EXERCISE INSTRUCTIONS: I'd like every entry returned exactly as it is, with the images left out.

= Beginning of Section =

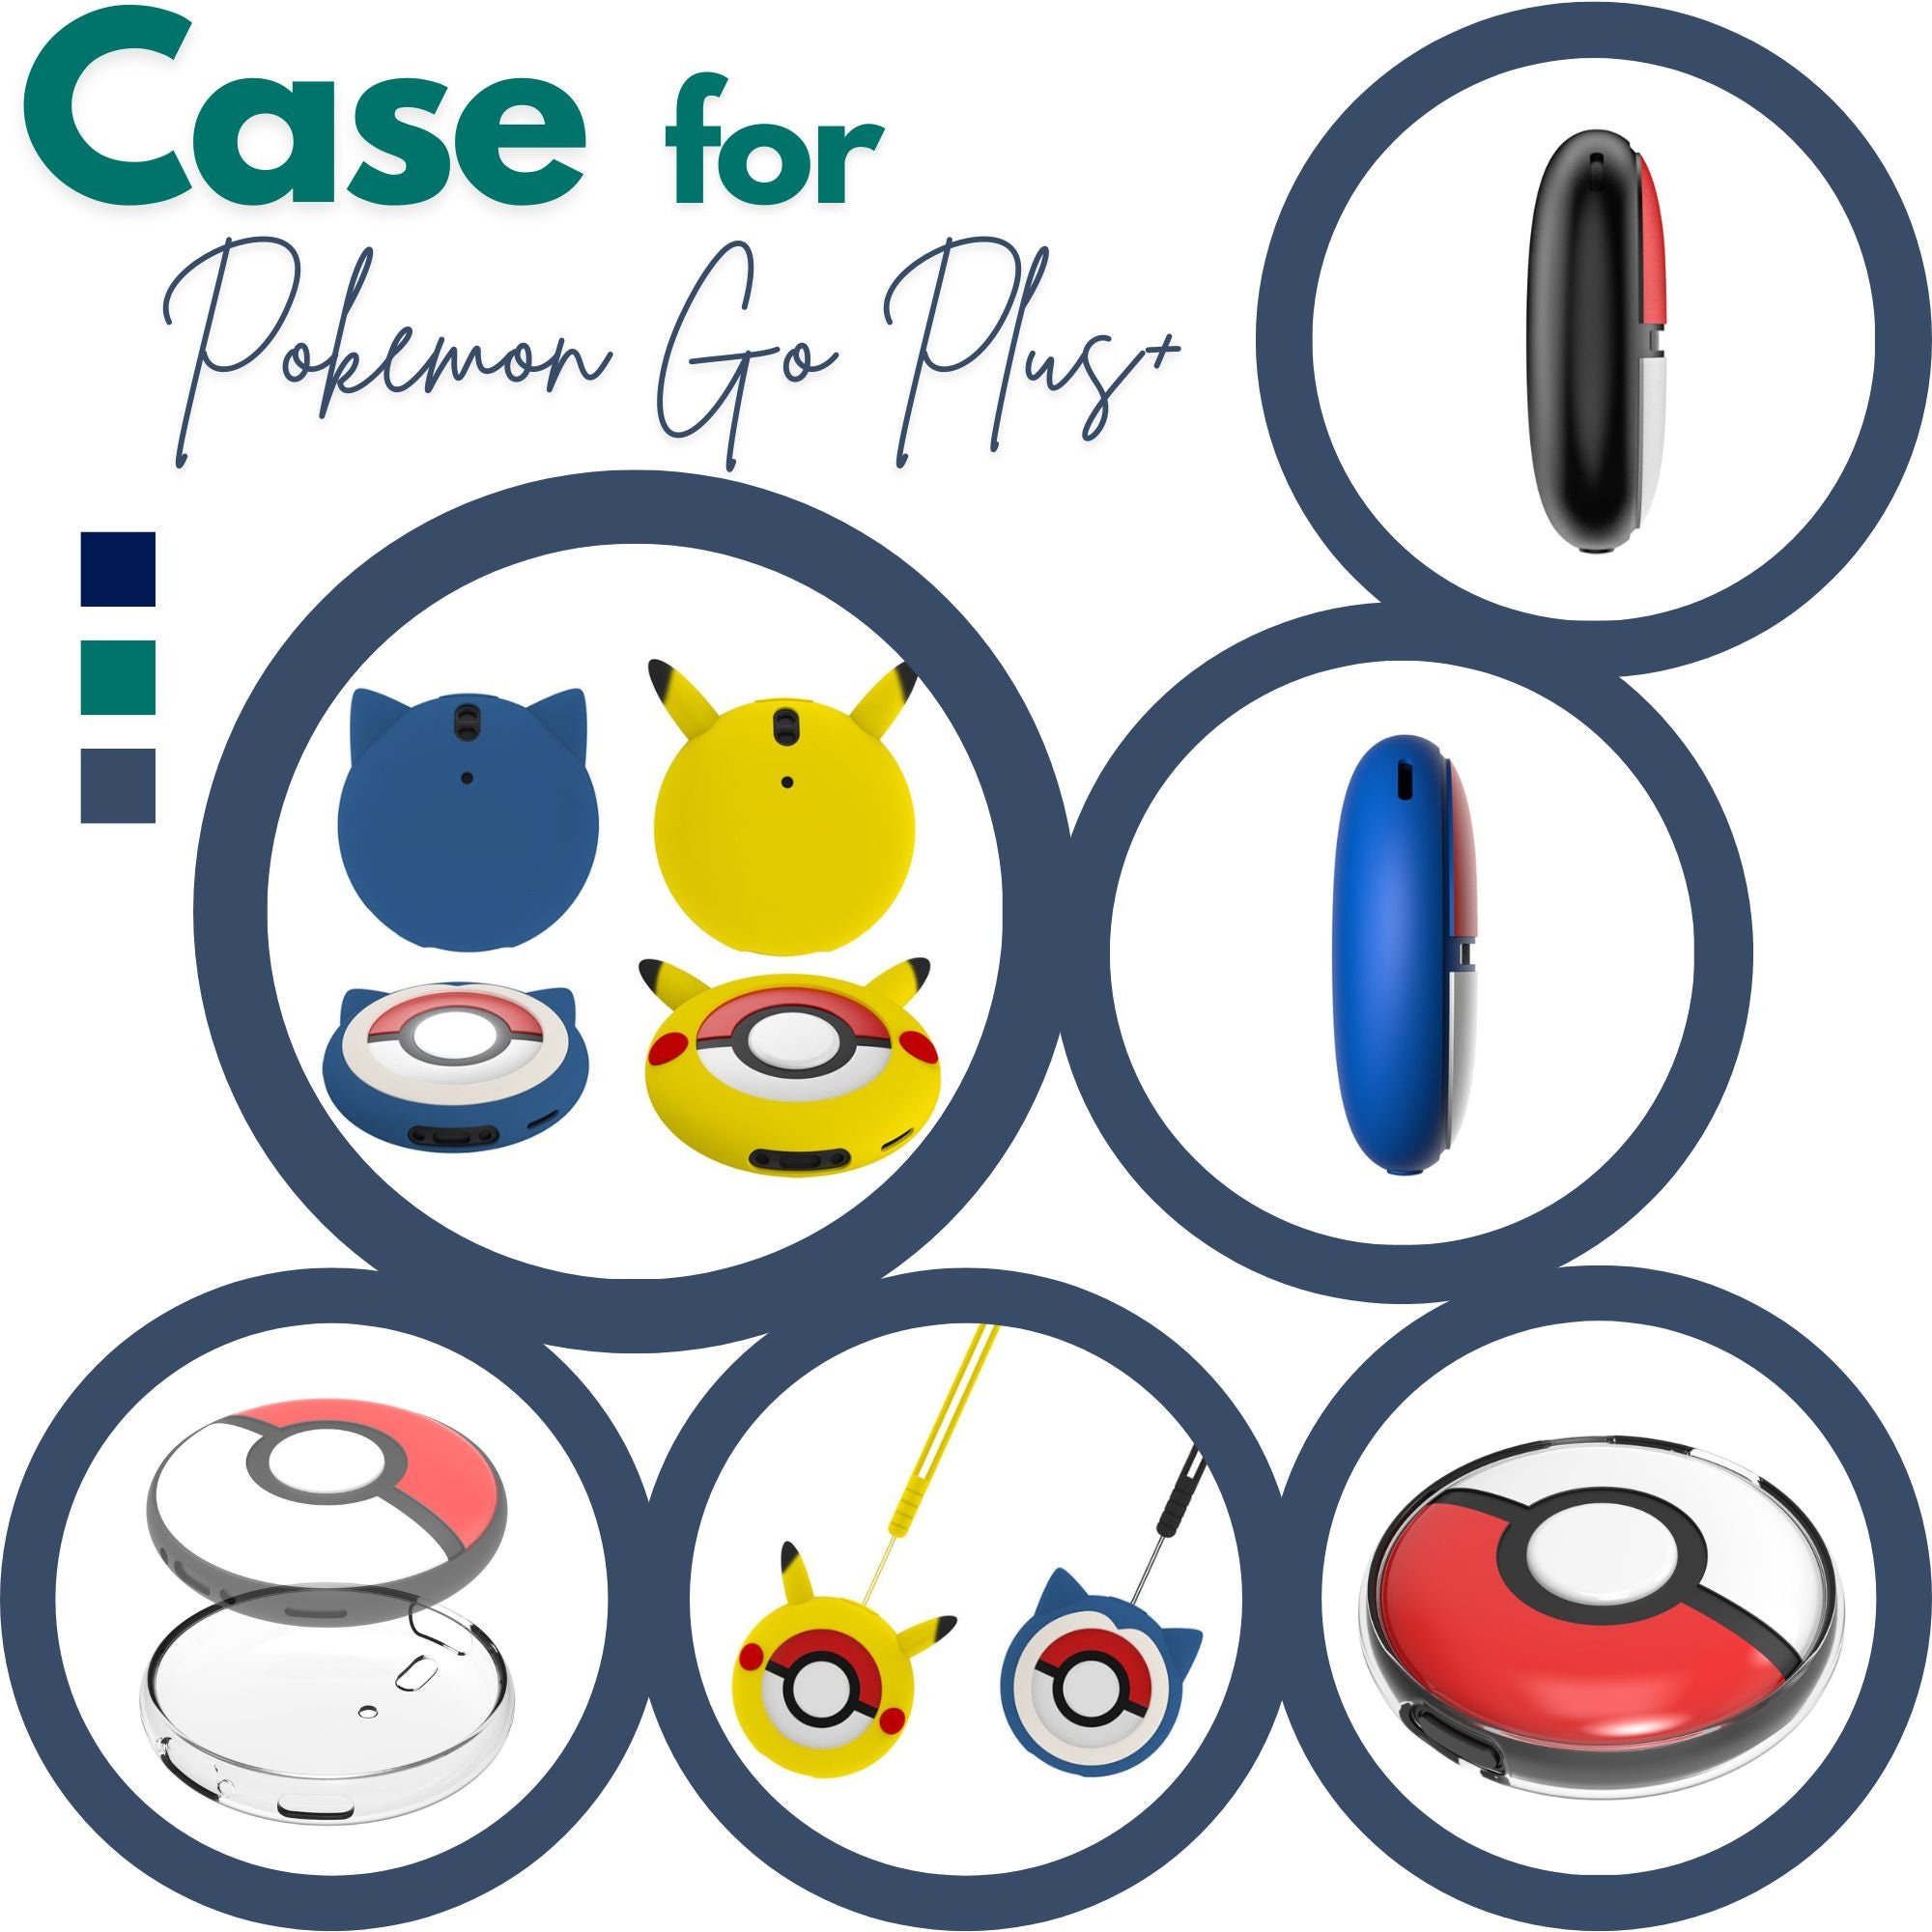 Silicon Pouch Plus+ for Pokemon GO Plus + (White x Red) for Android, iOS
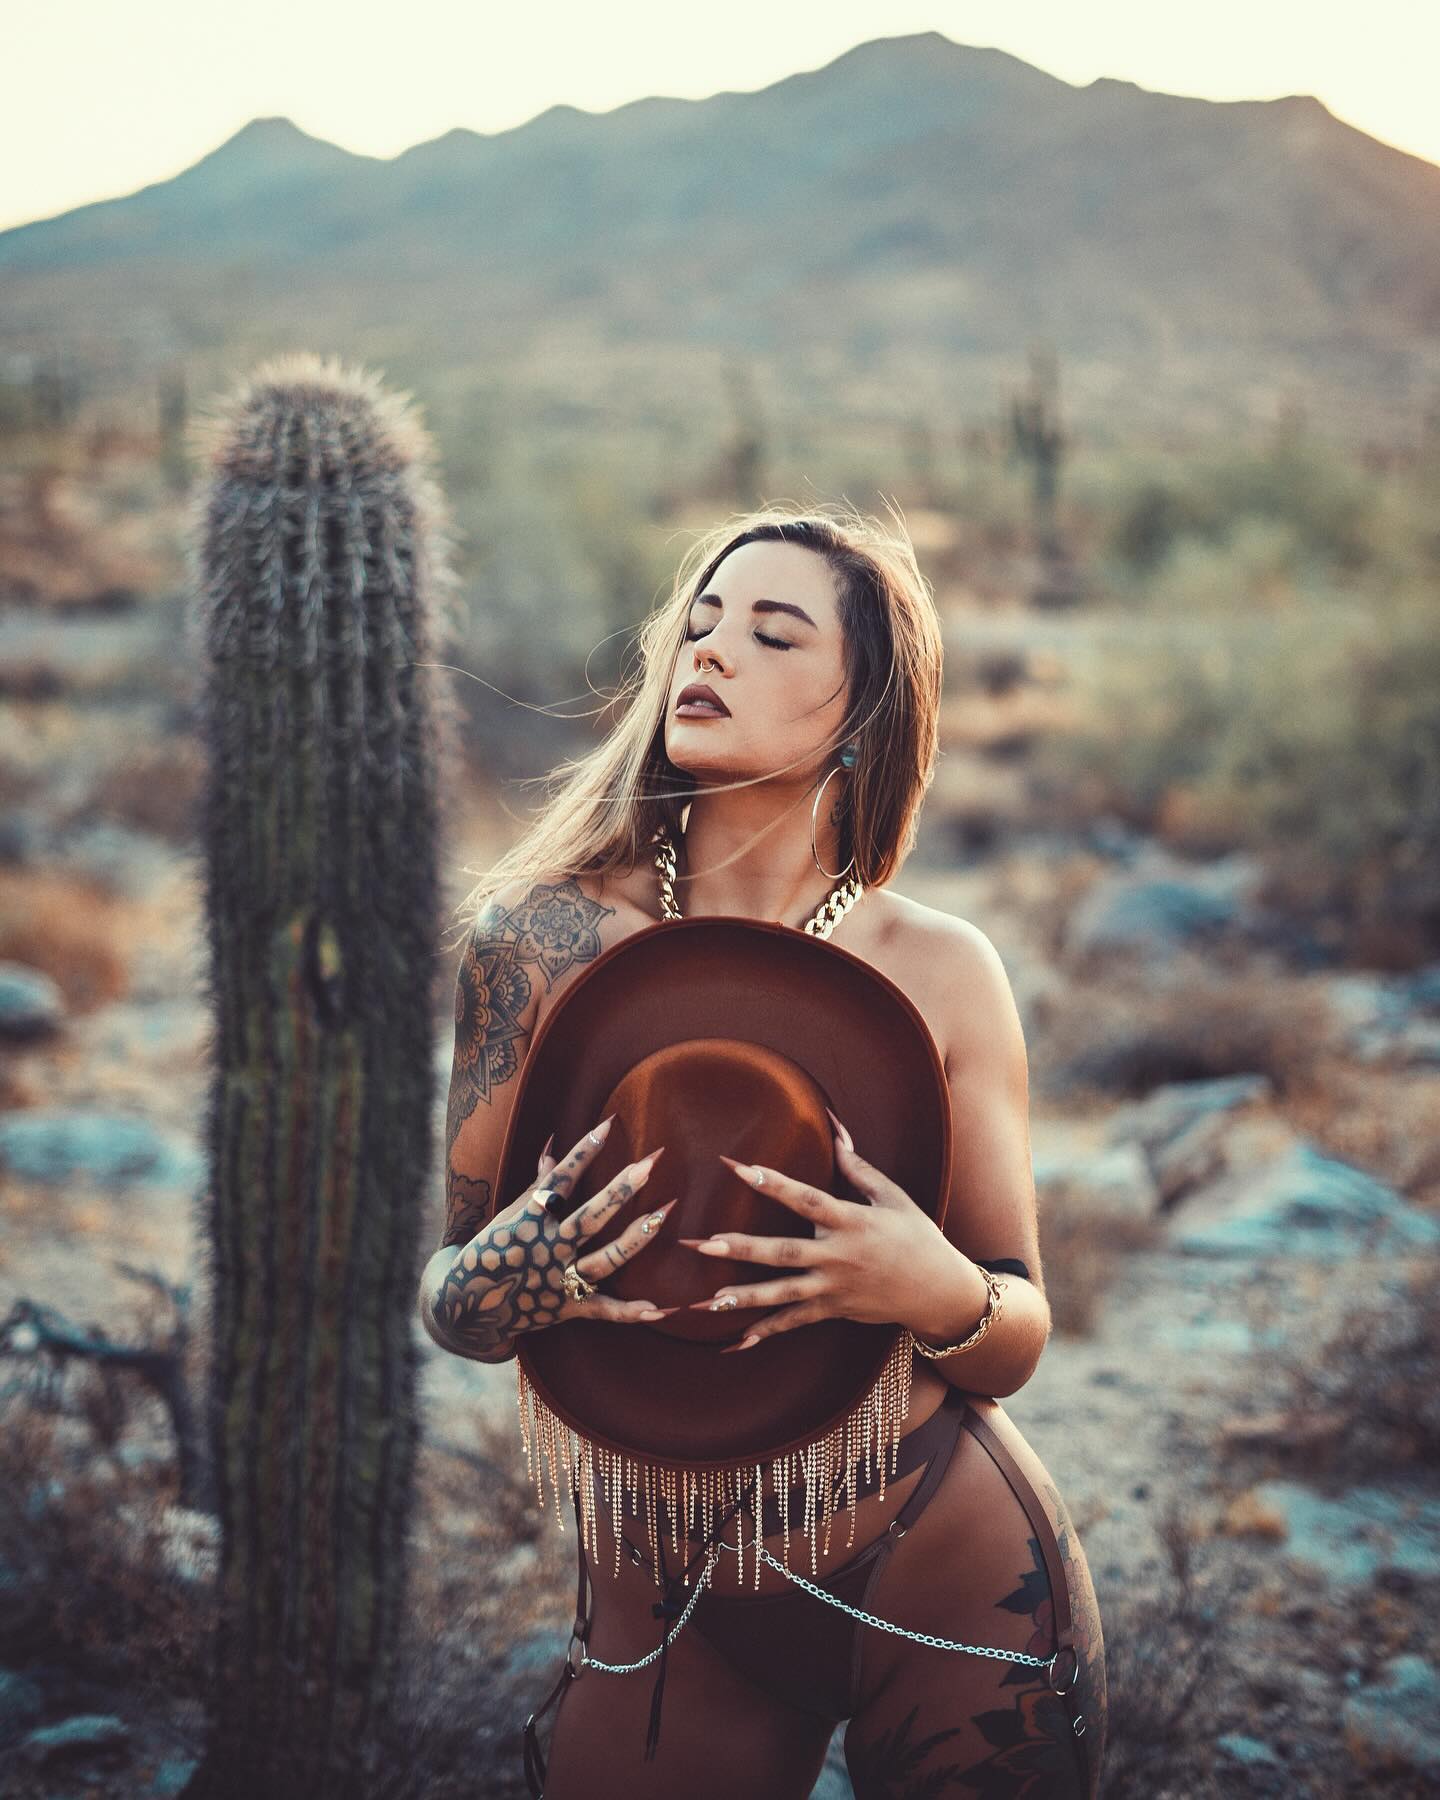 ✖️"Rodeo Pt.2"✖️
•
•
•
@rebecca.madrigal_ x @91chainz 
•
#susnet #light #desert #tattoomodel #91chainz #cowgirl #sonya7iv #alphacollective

= End of Section =

YOUR SOLUTION:
 Silicon Pouch Plus+ for Pokemon GO Plus + (White x Red) for Android, iOS
 ✖️"Rodeo Pt.2"✖️
•
•
•
@rebecca.madrigal_ x @91chainz 
•
#susnet #light #desert #tattoomodel #91chainz #cowgirl #sonya7iv #alphacollective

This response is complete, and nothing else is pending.